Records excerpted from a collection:

*** Block opens ***

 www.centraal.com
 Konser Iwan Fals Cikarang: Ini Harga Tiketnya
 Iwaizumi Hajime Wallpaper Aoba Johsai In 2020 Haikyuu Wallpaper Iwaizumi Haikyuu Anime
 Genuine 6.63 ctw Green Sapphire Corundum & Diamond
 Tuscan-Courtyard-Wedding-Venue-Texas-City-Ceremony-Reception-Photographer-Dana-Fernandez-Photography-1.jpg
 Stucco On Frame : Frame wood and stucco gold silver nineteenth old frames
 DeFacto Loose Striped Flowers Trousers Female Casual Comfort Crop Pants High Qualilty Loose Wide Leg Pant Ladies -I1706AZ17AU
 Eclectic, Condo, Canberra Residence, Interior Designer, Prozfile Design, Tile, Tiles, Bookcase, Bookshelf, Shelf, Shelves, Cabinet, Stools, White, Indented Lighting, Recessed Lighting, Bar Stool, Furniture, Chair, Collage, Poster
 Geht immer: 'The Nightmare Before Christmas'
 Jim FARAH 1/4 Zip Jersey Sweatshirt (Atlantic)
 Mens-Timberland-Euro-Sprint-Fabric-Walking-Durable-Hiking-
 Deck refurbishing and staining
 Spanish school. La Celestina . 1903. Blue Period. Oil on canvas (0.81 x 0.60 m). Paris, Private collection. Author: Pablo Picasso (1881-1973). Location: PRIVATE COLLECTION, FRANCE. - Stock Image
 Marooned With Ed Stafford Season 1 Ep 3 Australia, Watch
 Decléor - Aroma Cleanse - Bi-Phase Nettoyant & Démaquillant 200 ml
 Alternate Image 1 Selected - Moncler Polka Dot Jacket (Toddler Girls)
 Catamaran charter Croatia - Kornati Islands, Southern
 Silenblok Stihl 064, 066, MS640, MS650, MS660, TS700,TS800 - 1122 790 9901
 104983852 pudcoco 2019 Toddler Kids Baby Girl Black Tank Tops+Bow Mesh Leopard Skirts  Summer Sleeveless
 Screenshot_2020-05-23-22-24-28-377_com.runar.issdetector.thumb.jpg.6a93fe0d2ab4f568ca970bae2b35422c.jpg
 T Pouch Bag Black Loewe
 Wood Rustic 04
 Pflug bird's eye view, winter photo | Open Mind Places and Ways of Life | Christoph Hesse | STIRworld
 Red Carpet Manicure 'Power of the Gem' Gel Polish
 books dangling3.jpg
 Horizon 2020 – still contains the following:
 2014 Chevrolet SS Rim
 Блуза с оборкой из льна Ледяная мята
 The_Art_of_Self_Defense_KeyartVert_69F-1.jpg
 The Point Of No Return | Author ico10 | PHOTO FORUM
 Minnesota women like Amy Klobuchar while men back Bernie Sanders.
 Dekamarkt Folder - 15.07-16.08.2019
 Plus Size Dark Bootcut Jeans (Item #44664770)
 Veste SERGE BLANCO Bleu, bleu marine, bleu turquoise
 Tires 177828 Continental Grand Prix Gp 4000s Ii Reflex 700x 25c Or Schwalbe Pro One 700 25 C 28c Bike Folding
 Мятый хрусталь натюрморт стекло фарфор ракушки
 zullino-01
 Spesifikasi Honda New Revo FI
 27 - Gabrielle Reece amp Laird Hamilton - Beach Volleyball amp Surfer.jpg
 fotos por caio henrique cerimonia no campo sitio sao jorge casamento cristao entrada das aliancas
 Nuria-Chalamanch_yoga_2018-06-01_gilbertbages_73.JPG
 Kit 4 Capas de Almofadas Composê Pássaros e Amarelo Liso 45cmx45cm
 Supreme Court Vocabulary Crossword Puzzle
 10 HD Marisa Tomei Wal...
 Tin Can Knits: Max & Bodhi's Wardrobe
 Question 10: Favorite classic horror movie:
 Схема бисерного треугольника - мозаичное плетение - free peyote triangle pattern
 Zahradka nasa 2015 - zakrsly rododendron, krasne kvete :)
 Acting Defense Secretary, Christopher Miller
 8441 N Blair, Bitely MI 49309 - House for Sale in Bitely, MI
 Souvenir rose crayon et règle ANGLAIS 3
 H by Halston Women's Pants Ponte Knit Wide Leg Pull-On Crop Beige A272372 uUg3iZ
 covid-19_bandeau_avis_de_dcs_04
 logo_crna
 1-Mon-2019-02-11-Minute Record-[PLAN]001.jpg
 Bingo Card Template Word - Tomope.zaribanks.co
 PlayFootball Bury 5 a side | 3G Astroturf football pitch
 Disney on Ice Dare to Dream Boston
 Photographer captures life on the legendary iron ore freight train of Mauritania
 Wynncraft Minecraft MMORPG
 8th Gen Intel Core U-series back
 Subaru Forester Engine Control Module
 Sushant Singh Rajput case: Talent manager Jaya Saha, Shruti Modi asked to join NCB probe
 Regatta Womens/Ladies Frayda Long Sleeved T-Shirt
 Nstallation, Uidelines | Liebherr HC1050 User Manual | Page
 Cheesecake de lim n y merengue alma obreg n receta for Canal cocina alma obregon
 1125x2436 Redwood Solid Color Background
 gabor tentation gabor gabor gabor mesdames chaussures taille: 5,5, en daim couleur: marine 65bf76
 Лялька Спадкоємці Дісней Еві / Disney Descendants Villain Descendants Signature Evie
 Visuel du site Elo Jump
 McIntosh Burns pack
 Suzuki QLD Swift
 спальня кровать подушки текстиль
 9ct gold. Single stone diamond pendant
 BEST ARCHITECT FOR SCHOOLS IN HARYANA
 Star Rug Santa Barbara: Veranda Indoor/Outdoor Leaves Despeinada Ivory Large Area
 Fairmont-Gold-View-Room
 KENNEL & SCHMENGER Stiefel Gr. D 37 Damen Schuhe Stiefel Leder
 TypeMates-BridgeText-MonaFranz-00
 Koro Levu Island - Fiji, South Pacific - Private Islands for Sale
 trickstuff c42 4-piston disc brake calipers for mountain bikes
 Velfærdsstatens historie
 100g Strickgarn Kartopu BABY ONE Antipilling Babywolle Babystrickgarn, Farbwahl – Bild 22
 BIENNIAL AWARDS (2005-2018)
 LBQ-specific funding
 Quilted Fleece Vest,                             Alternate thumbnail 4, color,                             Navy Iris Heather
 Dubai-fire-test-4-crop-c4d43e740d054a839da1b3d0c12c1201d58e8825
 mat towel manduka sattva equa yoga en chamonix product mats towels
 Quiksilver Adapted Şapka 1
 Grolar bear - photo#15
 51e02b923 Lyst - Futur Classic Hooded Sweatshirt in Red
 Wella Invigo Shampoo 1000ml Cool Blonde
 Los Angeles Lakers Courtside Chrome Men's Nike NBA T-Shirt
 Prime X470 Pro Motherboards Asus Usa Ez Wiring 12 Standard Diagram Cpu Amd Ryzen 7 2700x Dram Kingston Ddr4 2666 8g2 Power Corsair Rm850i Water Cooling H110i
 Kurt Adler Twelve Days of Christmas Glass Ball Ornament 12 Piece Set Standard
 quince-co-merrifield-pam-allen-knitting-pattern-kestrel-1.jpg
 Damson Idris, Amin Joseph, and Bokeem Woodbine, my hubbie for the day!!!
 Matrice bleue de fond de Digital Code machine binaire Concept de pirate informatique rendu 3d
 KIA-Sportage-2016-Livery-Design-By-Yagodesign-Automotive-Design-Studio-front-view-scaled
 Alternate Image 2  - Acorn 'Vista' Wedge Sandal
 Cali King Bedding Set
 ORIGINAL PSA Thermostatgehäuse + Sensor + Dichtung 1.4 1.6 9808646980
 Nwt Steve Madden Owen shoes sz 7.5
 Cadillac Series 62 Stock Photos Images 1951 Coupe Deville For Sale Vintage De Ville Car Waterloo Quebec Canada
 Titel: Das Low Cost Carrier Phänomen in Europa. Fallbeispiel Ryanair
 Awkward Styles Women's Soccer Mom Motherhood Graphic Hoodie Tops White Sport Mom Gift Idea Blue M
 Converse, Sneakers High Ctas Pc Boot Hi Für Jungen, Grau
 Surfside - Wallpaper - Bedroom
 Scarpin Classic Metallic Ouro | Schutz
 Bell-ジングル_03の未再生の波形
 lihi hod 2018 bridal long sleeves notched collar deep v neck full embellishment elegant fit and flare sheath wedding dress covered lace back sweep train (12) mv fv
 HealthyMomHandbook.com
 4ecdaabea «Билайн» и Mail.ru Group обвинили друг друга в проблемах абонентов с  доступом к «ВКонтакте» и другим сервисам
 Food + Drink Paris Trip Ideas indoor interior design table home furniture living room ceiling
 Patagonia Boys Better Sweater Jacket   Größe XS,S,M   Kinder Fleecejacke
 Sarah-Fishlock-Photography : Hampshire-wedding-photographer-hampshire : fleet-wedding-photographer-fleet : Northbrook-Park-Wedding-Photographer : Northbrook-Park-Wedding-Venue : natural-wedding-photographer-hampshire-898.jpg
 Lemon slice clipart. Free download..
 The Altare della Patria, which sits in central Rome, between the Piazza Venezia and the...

*** Block closes ***

▶ _WHAT TO DO_
The lines needed are the ones from the first line of the entries through the line that contains "DeFacto Loose Striped", given again without any change.

▶ _SOLUTION FOR THIS TASK_
 www.centraal.com
 Konser Iwan Fals Cikarang: Ini Harga Tiketnya
 Iwaizumi Hajime Wallpaper Aoba Johsai In 2020 Haikyuu Wallpaper Iwaizumi Haikyuu Anime
 Genuine 6.63 ctw Green Sapphire Corundum & Diamond
 Tuscan-Courtyard-Wedding-Venue-Texas-City-Ceremony-Reception-Photographer-Dana-Fernandez-Photography-1.jpg
 Stucco On Frame : Frame wood and stucco gold silver nineteenth old frames
 DeFacto Loose Striped Flowers Trousers Female Casual Comfort Crop Pants High Qualilty Loose Wide Leg Pant Ladies -I1706AZ17AU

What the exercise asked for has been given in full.